In a recent presentation, Ben Hamner described the common pitfalls in machine learning projects he and his colleagues have observed during competitions on Kaggle.
The talk was titled “Machine Learning Gremlins” and was presented in February 2014 at Strata.
In this post we take a look at the pitfalls from Ben’s talk, what they look like and how to avoid them.
Machine Learning Process
Early in the talk, Ben presented a snap-shot of the process for working a machine learning problem end-to-end.
This snapshot included 9 steps, as follows:
- Start with a business problem
- Source data
- Split data
- Select an evaluation metric
- Perform feature extraction
- Model Training
- Feature Selection
- Model Selection
- Production System
He commented that the process is iterative rather than linear.
He also commented that each step in this process can go wrong, derailing the whole project.
Discriminating Dogs and Cats
Ben presented a case study problem for building an automatic cat door that can let the cat in and keep the dog out. This was an instructive example as it touched on a number of key problems in working a data problem.
Sample Size
The first great takeaway from this example was that he studied accuracy of the model against data sample size and showed that more samples correlated with greater accuracy.
He then added more data until accuracy leveled off. This was a great example of understanding how easy it can be get an idea of the sensitivity of your system to sample size and adjust accordingly.
Wrong Problem
The second great takeaway from this example was that the system failed, it let in all cats in the neighborhood.
It was a clever example highlighting the importance of understanding the constraints of the problem that needs to be solved, rather than the problem that you want to solve.
Pitfalls In Machine Learning Projects
Ben went on to discuss four common pitfalls in when working on machine learning problems.
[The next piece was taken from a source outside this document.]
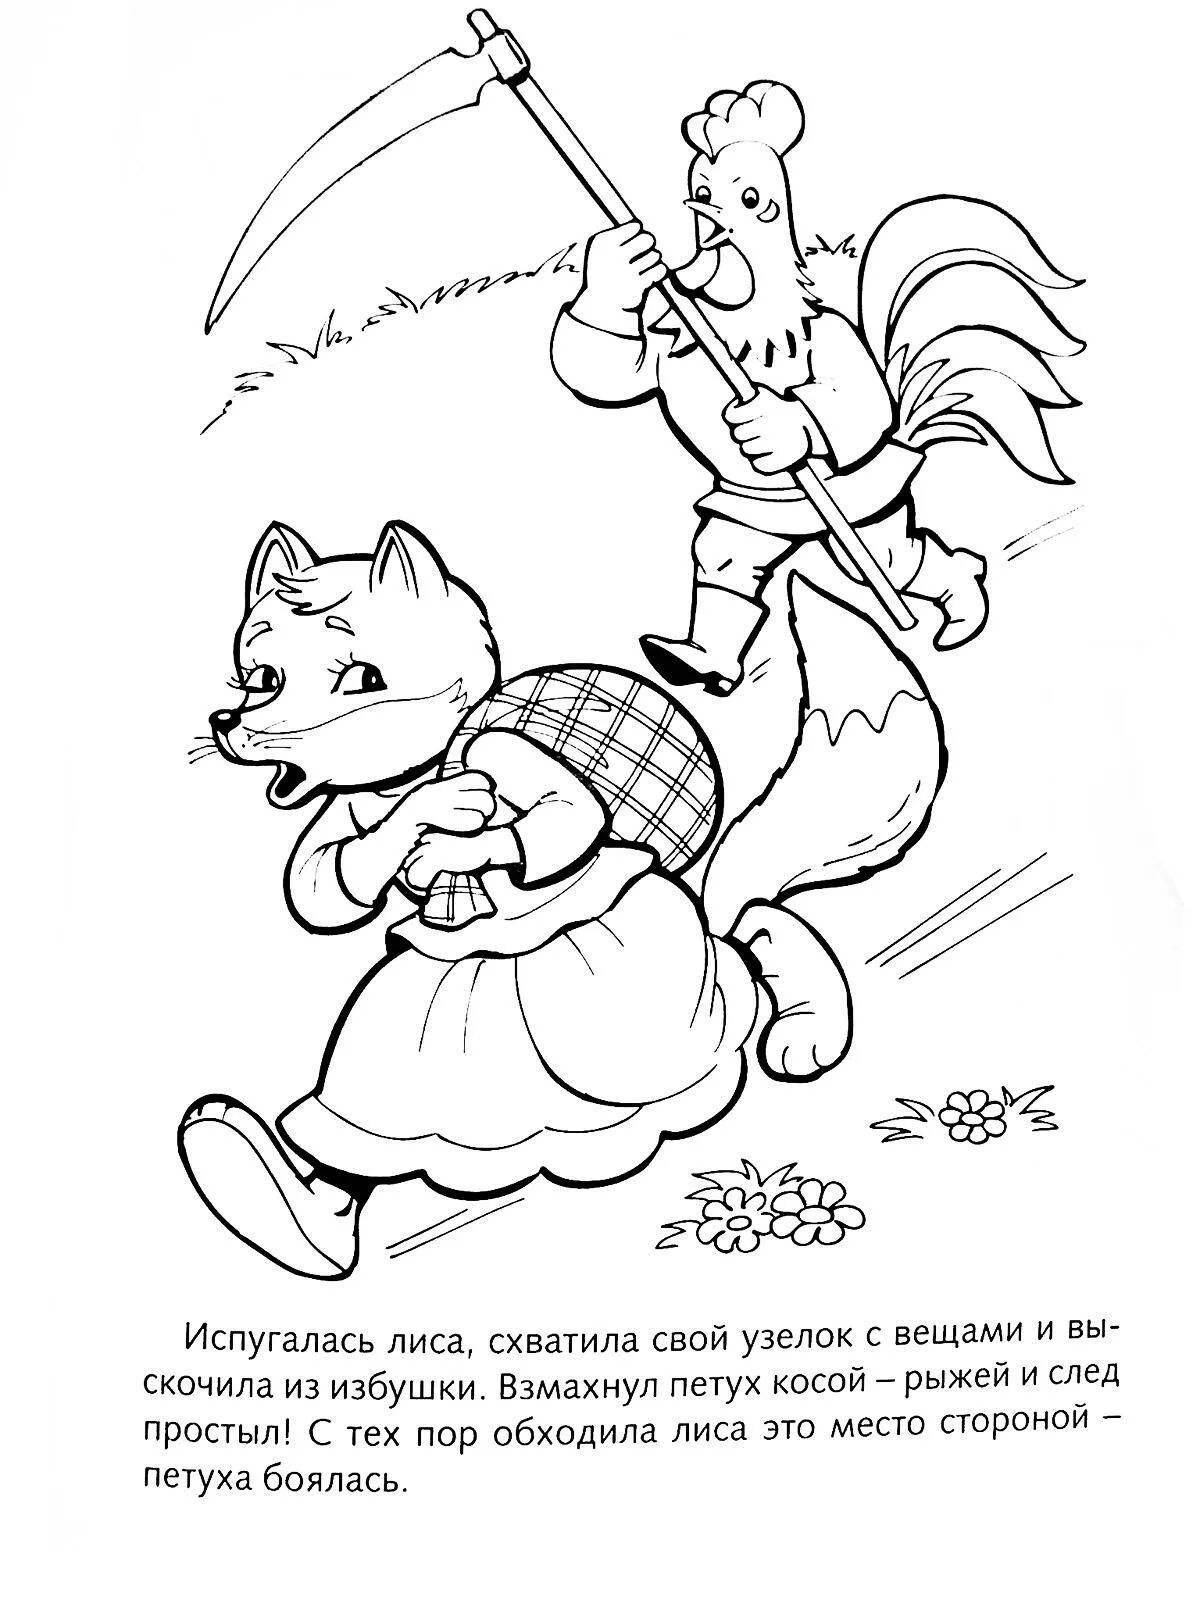 Coloring page blessed Russian folk tales

Although these problems are common, he points out that they can be identified and addressed relatively easily.
- Data Leakage: The problem of making use of data in the model to which a production system would not have access. This is particularly common in time series problems. Can also happen with data like system id’s that may indicate a class label. Run a model and take a careful look at the attributes that contribute to the success of the model. Sanity check and consider whether it makes sense. (check out the referenced paper “Leakage in Data Mining” PDF)
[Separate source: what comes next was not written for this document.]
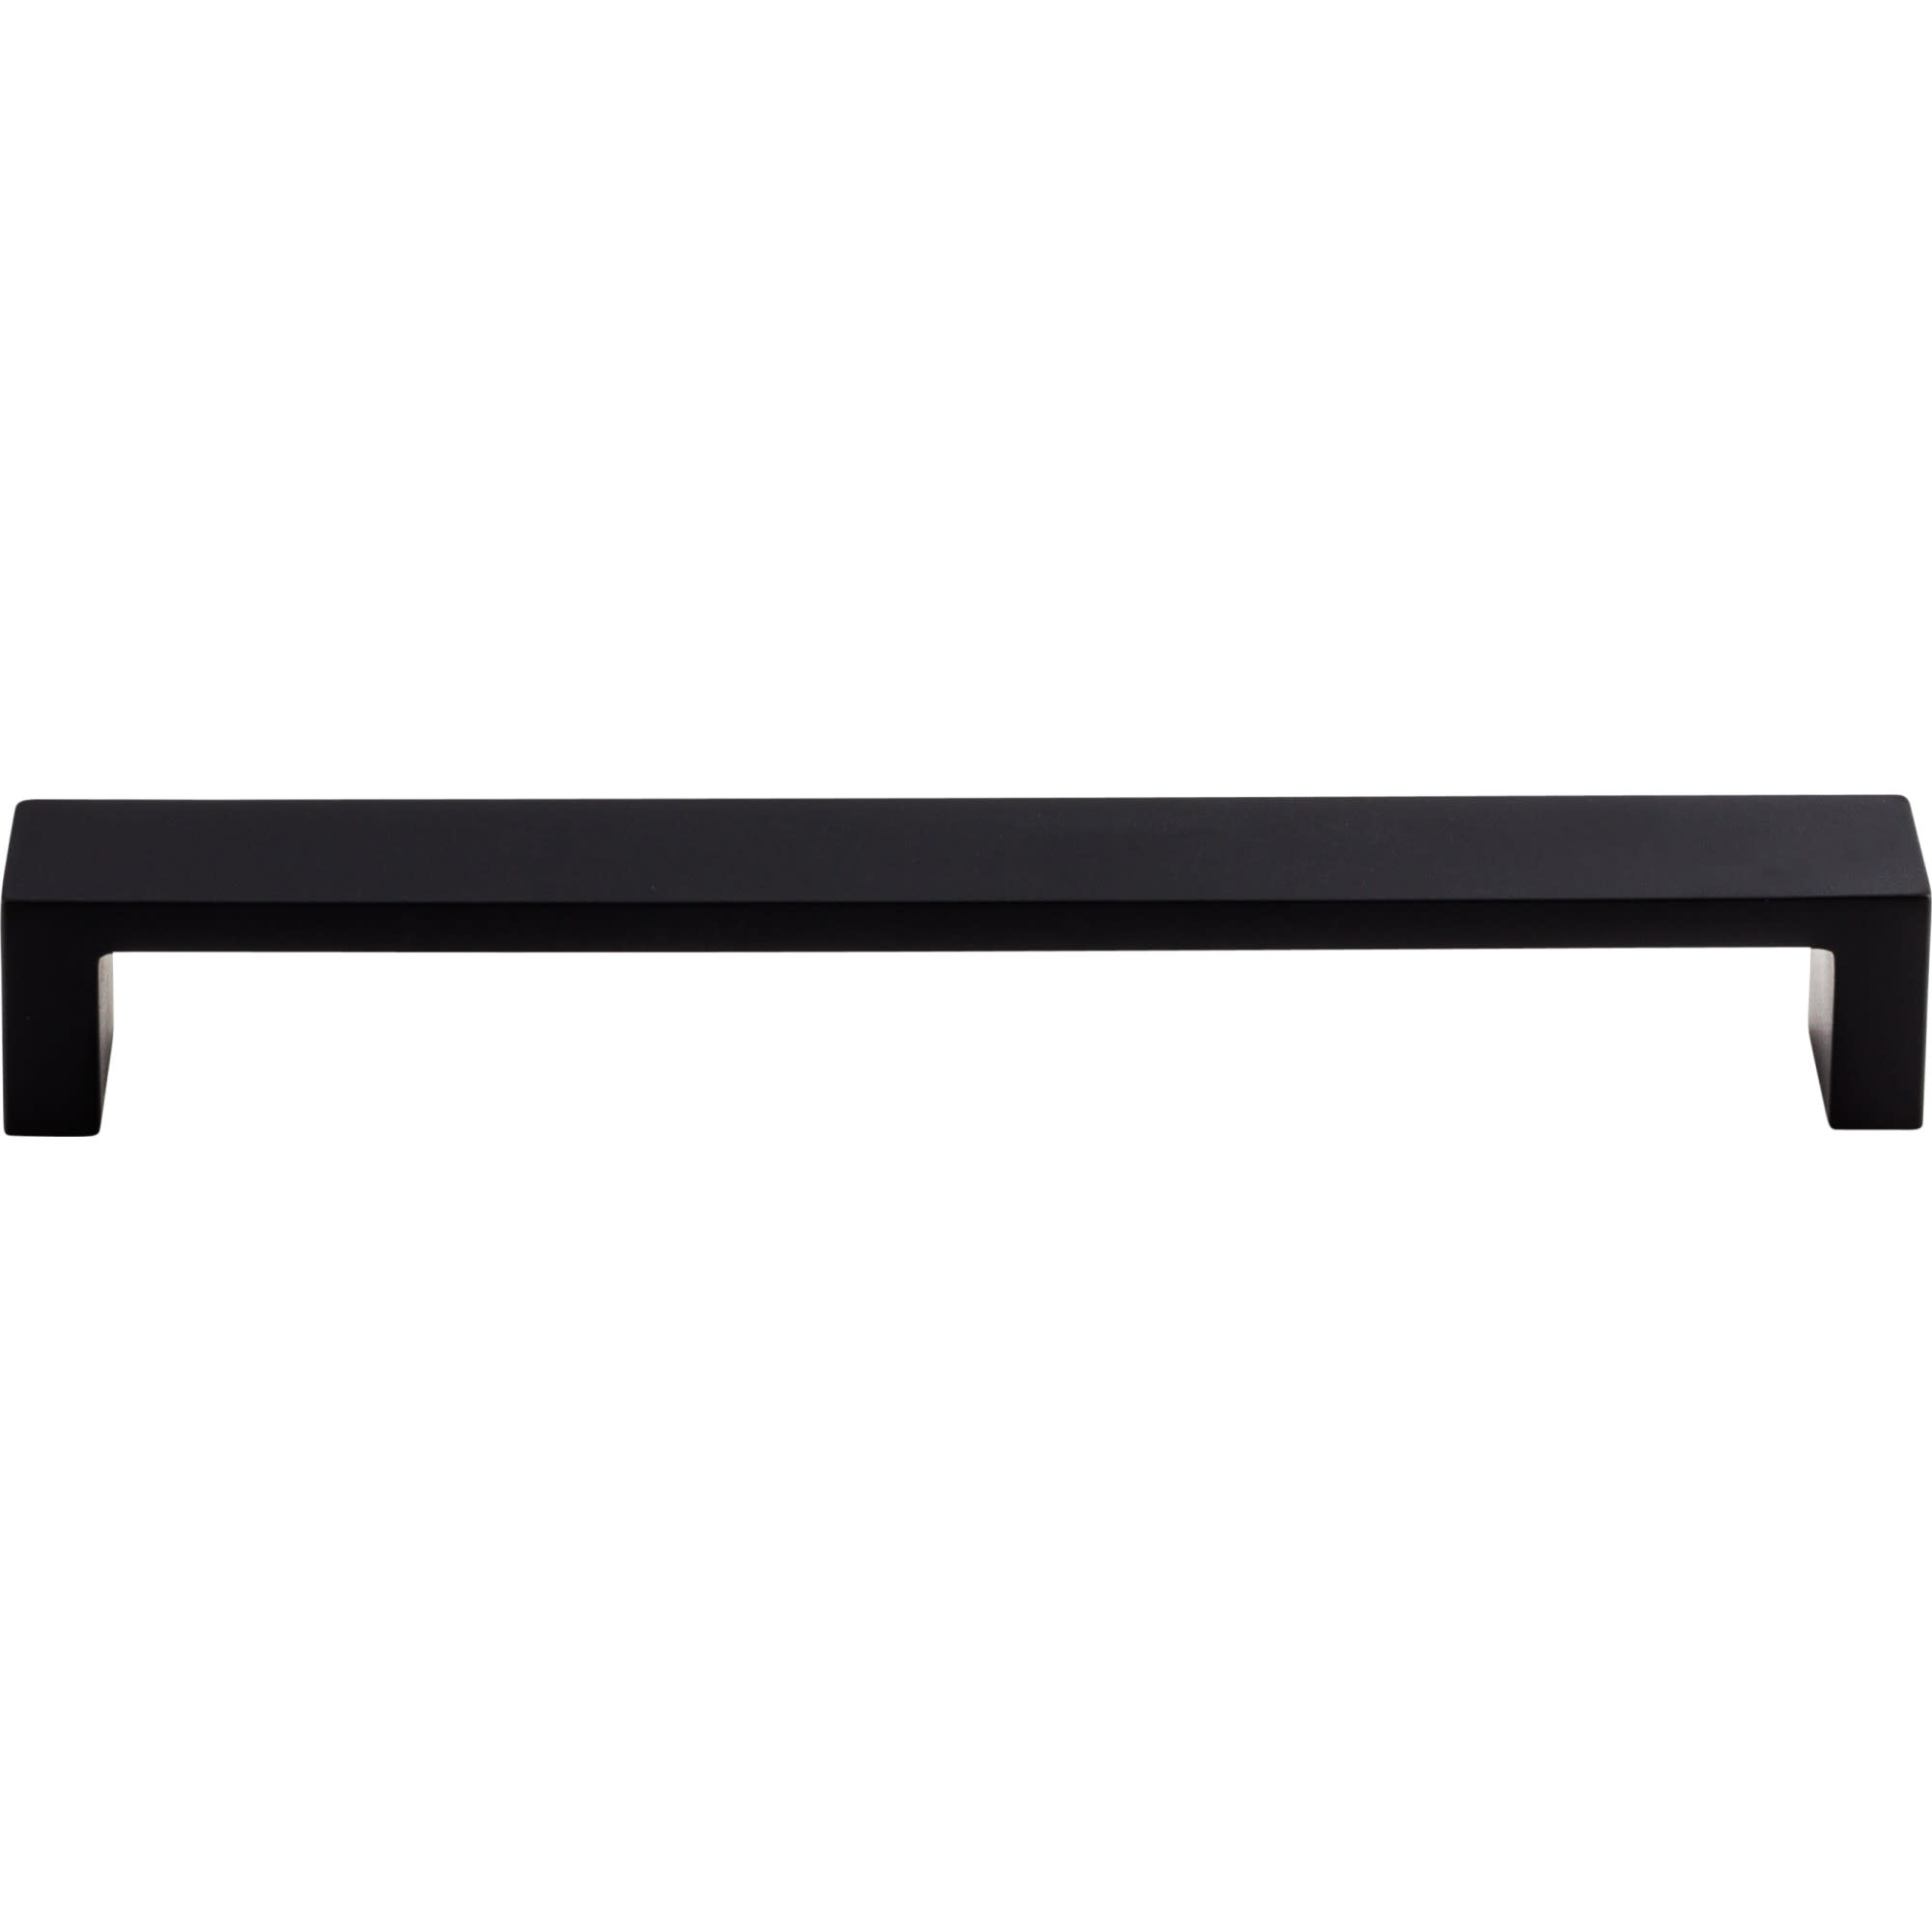 Top Knobs Tk252 Sanctuary Ii 7" Center To Center Handle Cabinet Pull - Black - image 1 of 7

- Overfitting: Modeling the training data too closely such that the model also includes noise in the model. The result is poor ability to generalize. This becomes more of a problem in higher dimensions with more complex class boundaries.
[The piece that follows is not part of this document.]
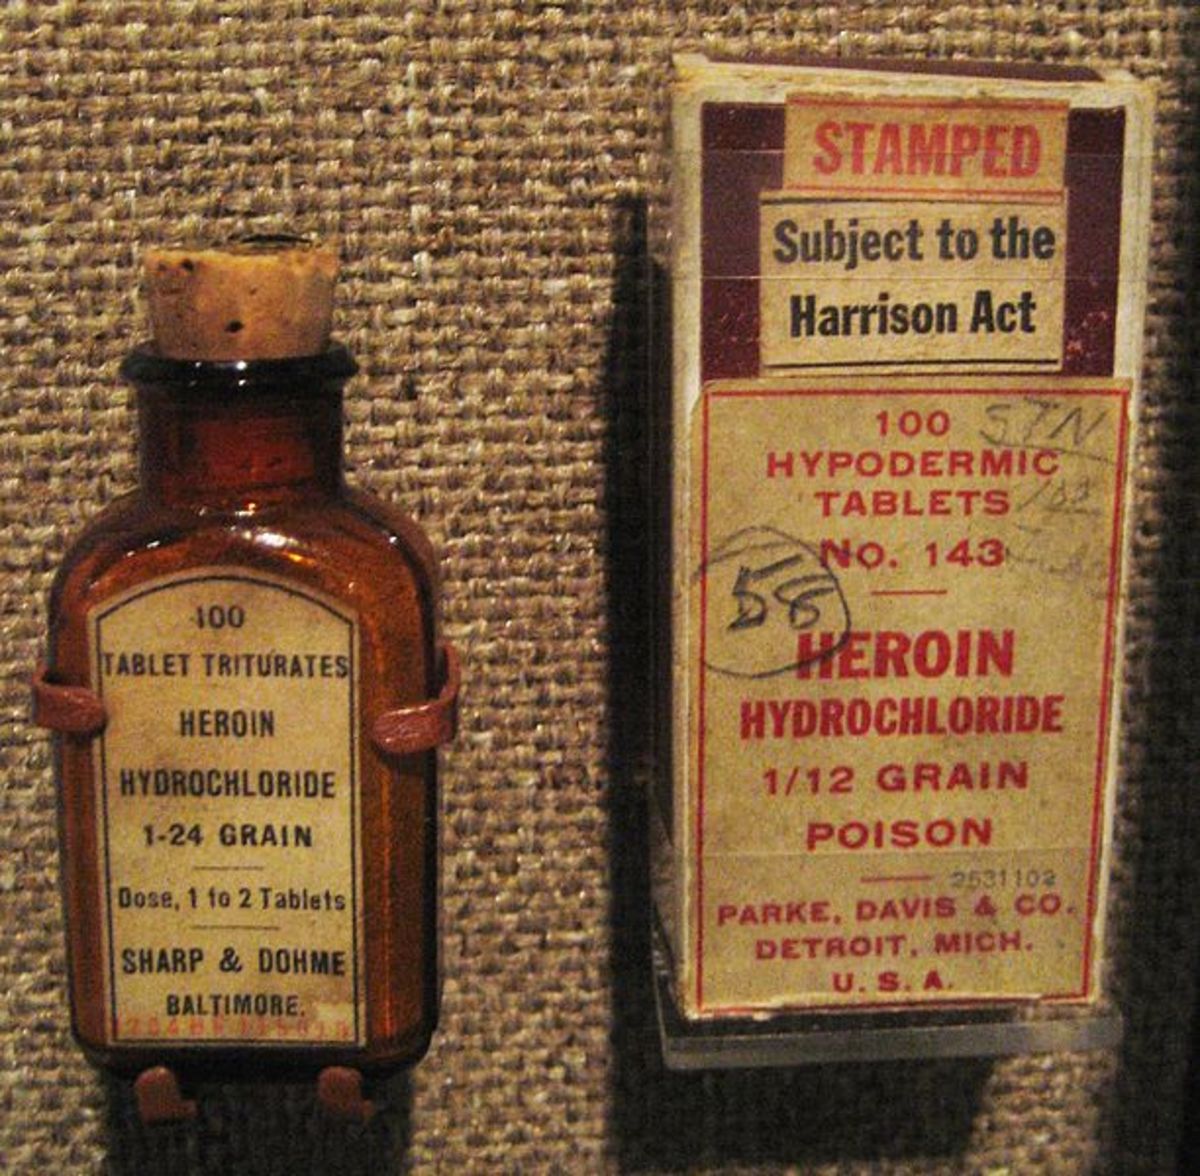 Commercially marketed Heroin containers from the early 20th century. Bottle on left; box on right. The box has a "Harrison Act" tax stamp, indicating a date of 1914 or shortly after. Photographed from display at the Old Mint Museum, New Orleans.

- Data Sampling and Splitting: Related to data leakage, you need to very careful that the train/test/validation sets are indeed independent samples. Much thought and work is required for time series problems to ensure that you can reply data to the system chronologically and validate model accuracy.
- Data Quality: Check the consistency of your data. Ben gave an example of flight data where some aircraft were landing before taking off. Inconsistent, duplicate, and corrupt data needs to be identified and explicitly handled. It can directly hurt the modeling problem and ability of a model to generalize.
Summary
Ben’s talk “Machine Learning Gremlins” is a quick and practical talk.
You will get a useful crash course in the common pitfalls we are all susceptible to when working on a data problem.